EXERCISE INSTRUCTIONS. All records, exactly as written, minus the pictures: copy them out.

ENTRIES SUPPLIED.
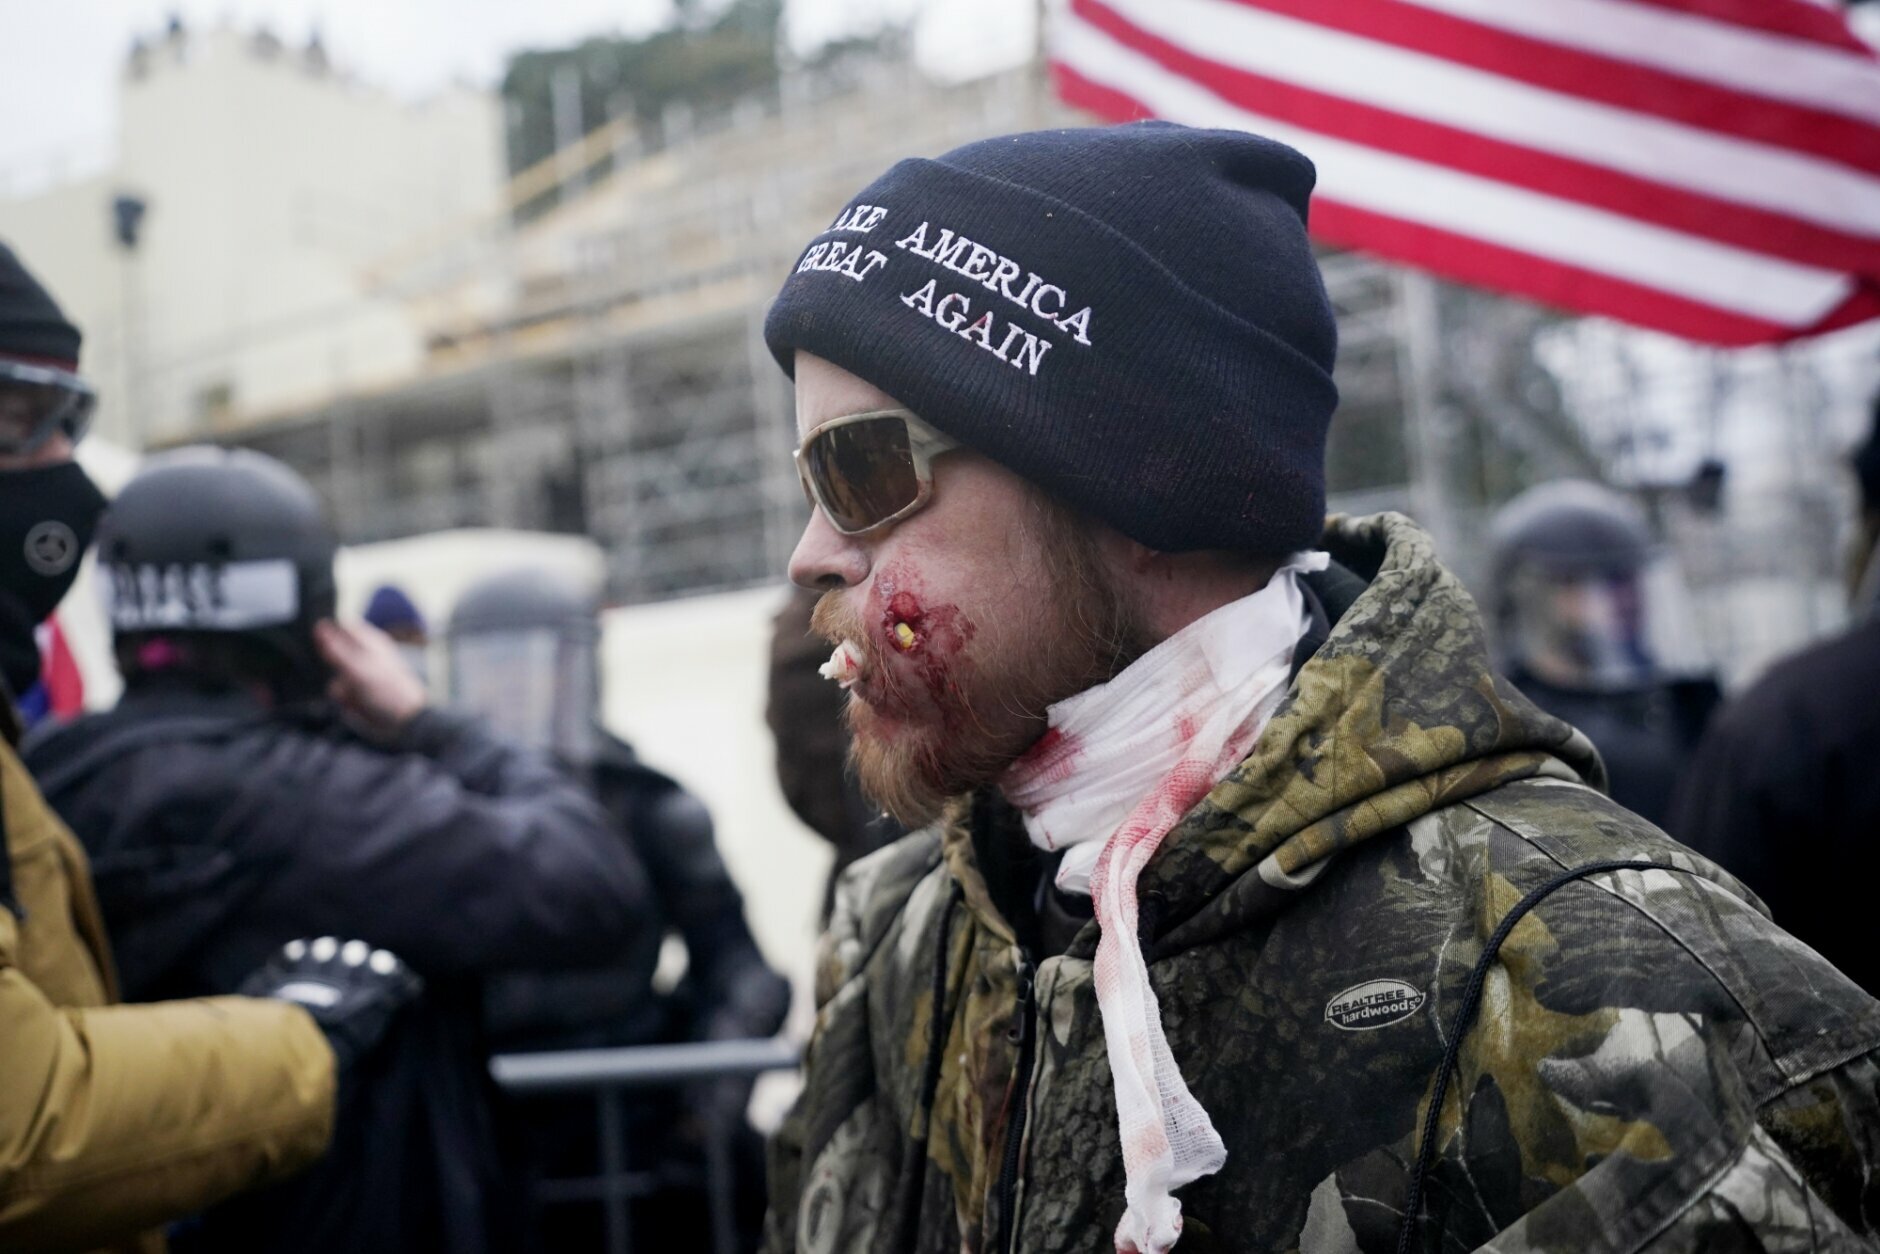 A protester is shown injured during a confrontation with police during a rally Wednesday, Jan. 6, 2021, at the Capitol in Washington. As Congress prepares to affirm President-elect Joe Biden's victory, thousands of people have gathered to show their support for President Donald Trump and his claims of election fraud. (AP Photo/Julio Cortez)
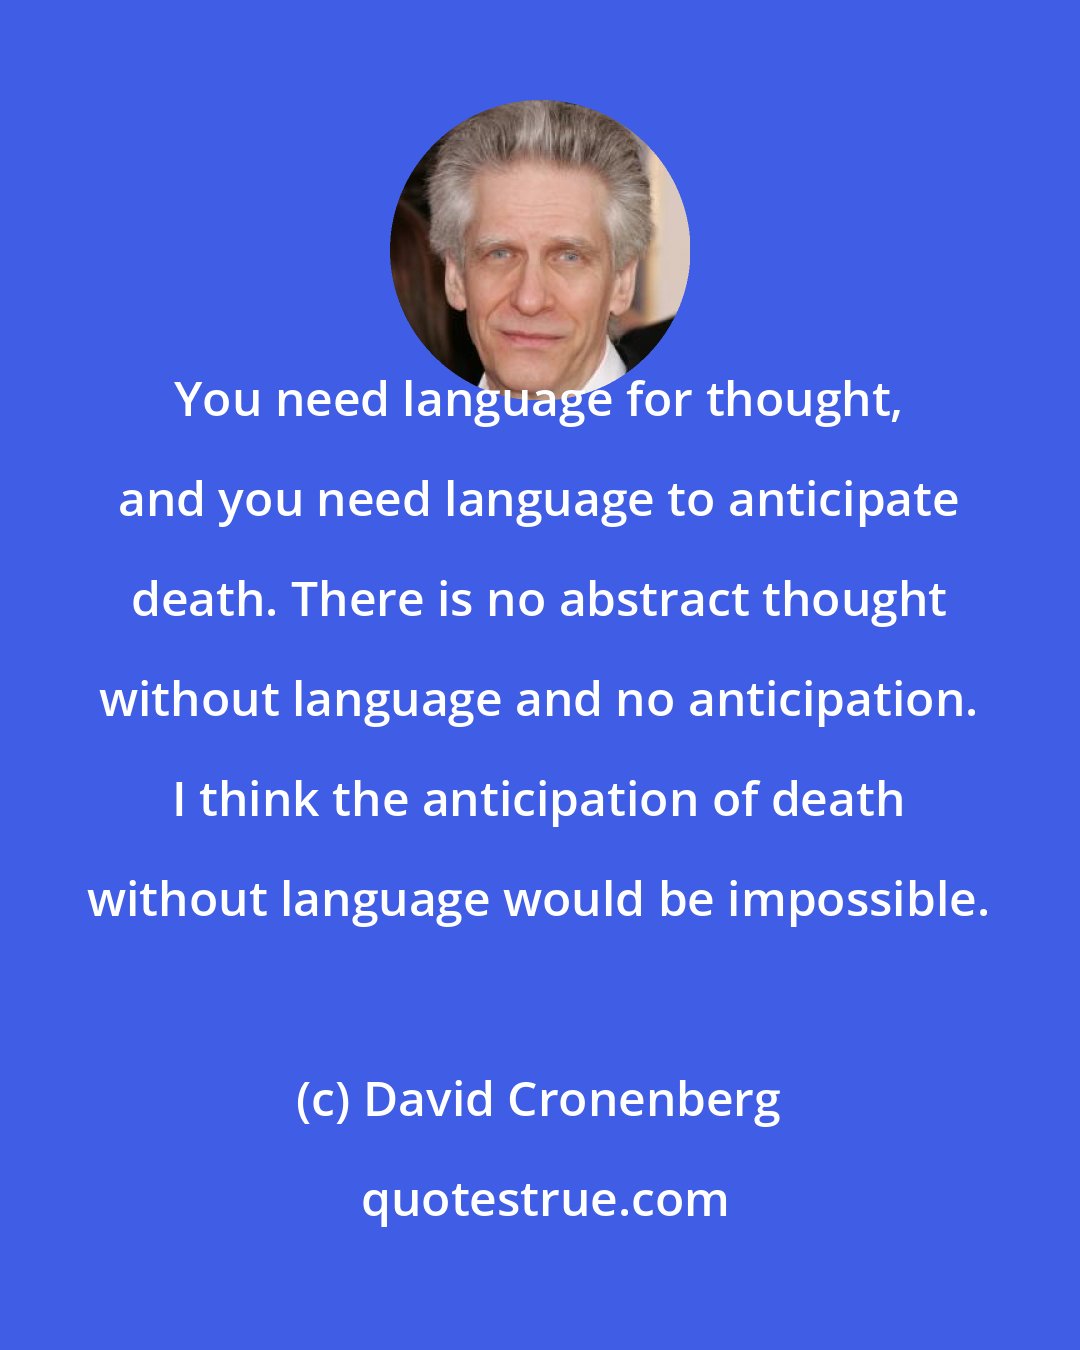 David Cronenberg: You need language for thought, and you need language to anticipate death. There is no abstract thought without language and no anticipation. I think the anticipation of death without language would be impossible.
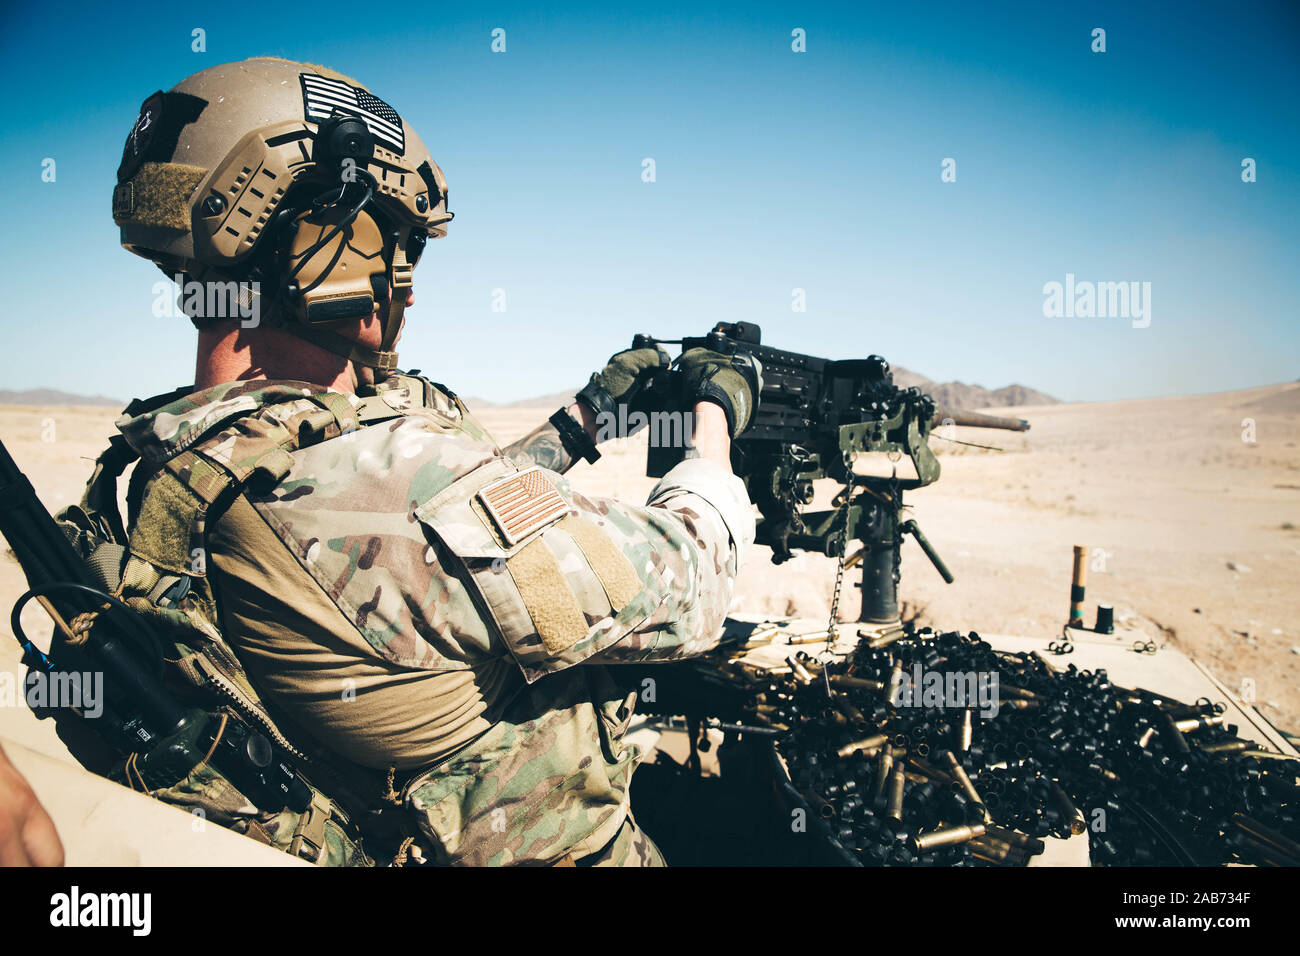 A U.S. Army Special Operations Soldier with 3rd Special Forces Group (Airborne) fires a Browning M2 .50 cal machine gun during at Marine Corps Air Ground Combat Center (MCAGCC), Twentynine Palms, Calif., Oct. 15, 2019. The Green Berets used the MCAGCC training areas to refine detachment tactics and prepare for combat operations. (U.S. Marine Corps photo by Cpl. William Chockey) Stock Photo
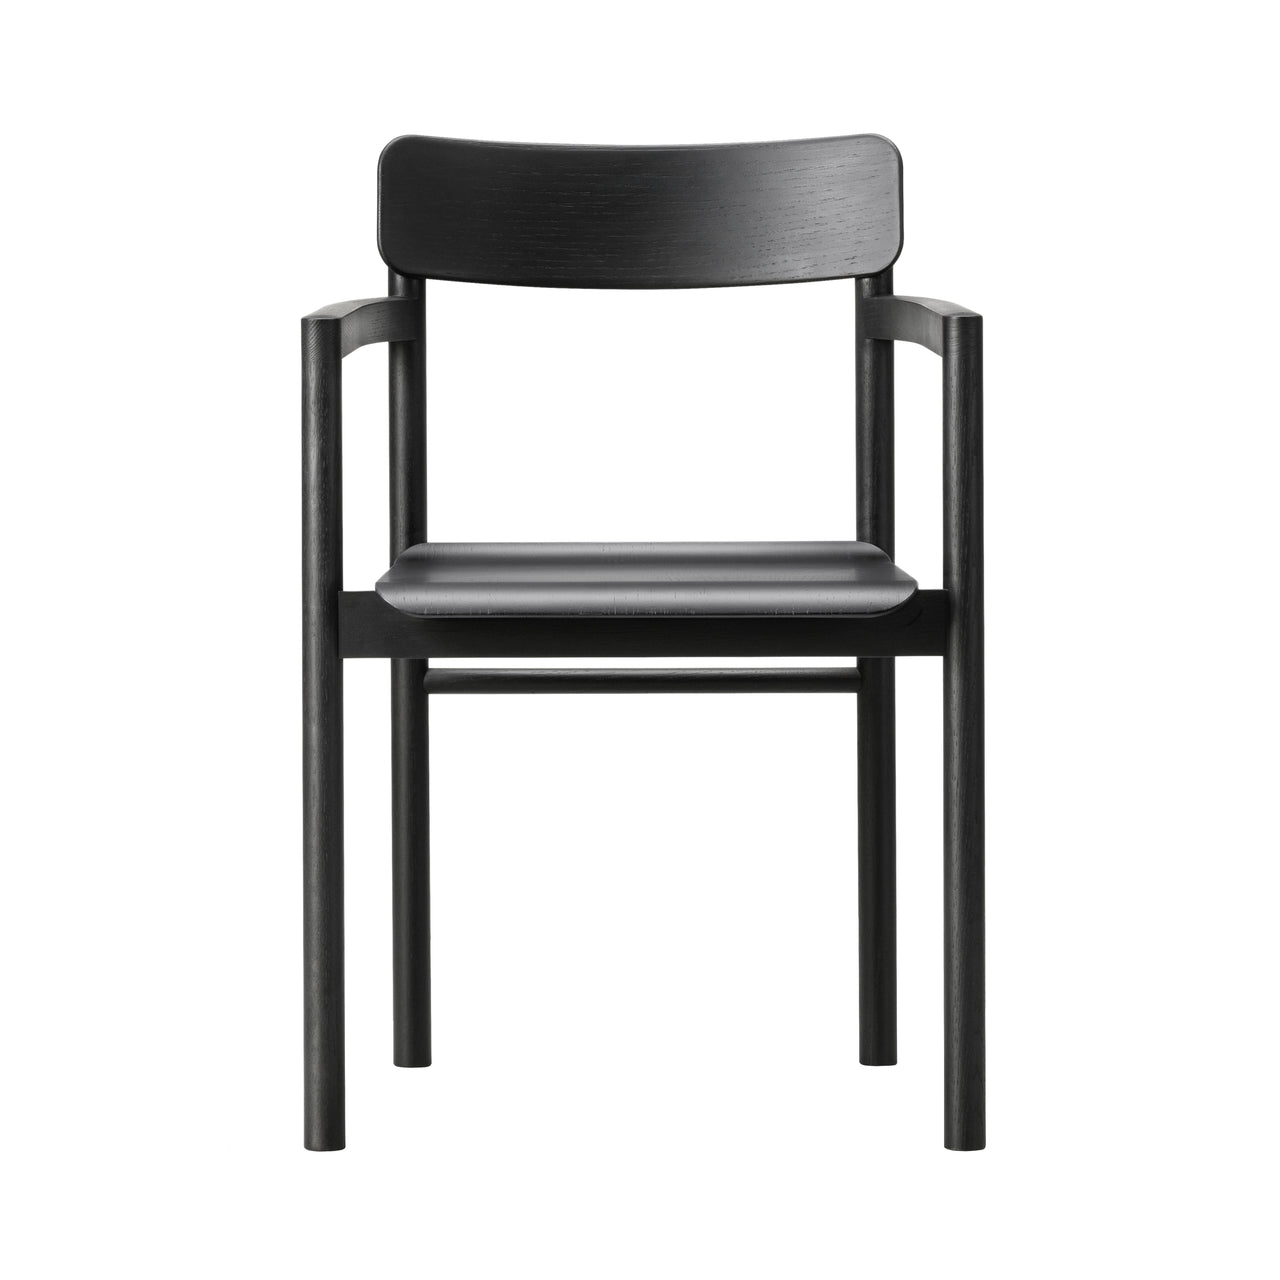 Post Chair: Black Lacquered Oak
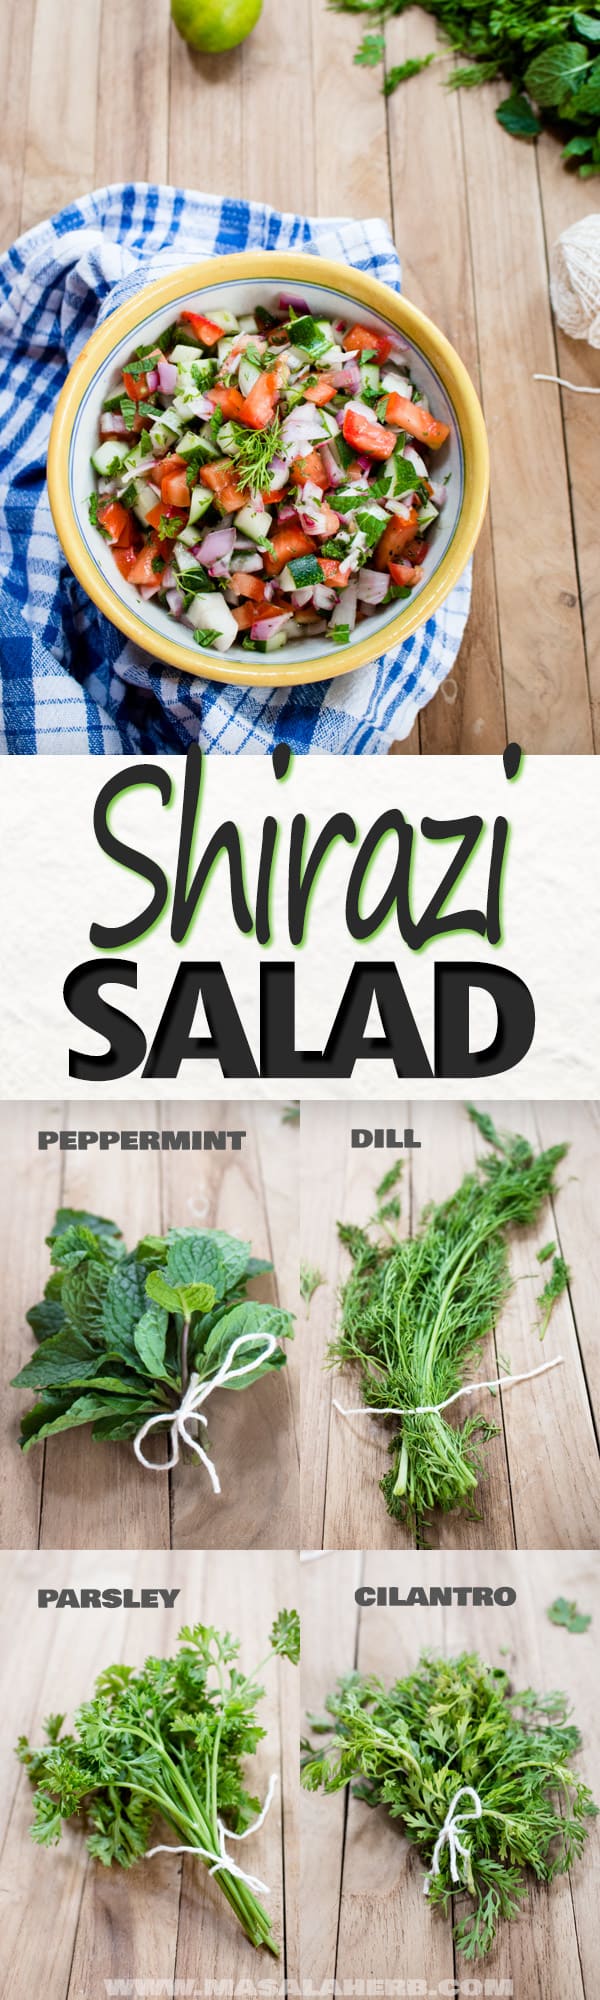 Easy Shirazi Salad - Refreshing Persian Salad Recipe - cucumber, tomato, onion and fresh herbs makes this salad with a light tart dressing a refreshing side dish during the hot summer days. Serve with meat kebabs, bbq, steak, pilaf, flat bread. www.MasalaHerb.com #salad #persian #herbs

PROBLEM SOLUTION.
 A protester is shown injured during a confrontation with police during a rally Wednesday, Jan. 6, 2021, at the Capitol in Washington. As Congress prepares to affirm President-elect Joe Biden's victory, thousands of people have gathered to show their support for President Donald Trump and his claims of election fraud. (AP Photo/Julio Cortez)
 David Cronenberg: You need language for thought, and you need language to anticipate death. There is no abstract thought without language and no anticipation. I think the anticipation of death without language would be impossible.
 A U.S. Army Special Operations Soldier with 3rd Special Forces Group (Airborne) fires a Browning M2 .50 cal machine gun during at Marine Corps Air Ground Combat Center (MCAGCC), Twentynine Palms, Calif., Oct. 15, 2019. The Green Berets used the MCAGCC training areas to refine detachment tactics and prepare for combat operations. (U.S. Marine Corps photo by Cpl. William Chockey) Stock Photo
 Post Chair: Black Lacquered Oak
 Easy Shirazi Salad - Refreshing Persian Salad Recipe - cucumber, tomato, onion and fresh herbs makes this salad with a light tart dressing a refreshing side dish during the hot summer days. Serve with meat kebabs, bbq, steak, pilaf, flat bread. www.MasalaHerb.com #salad #persian #herbs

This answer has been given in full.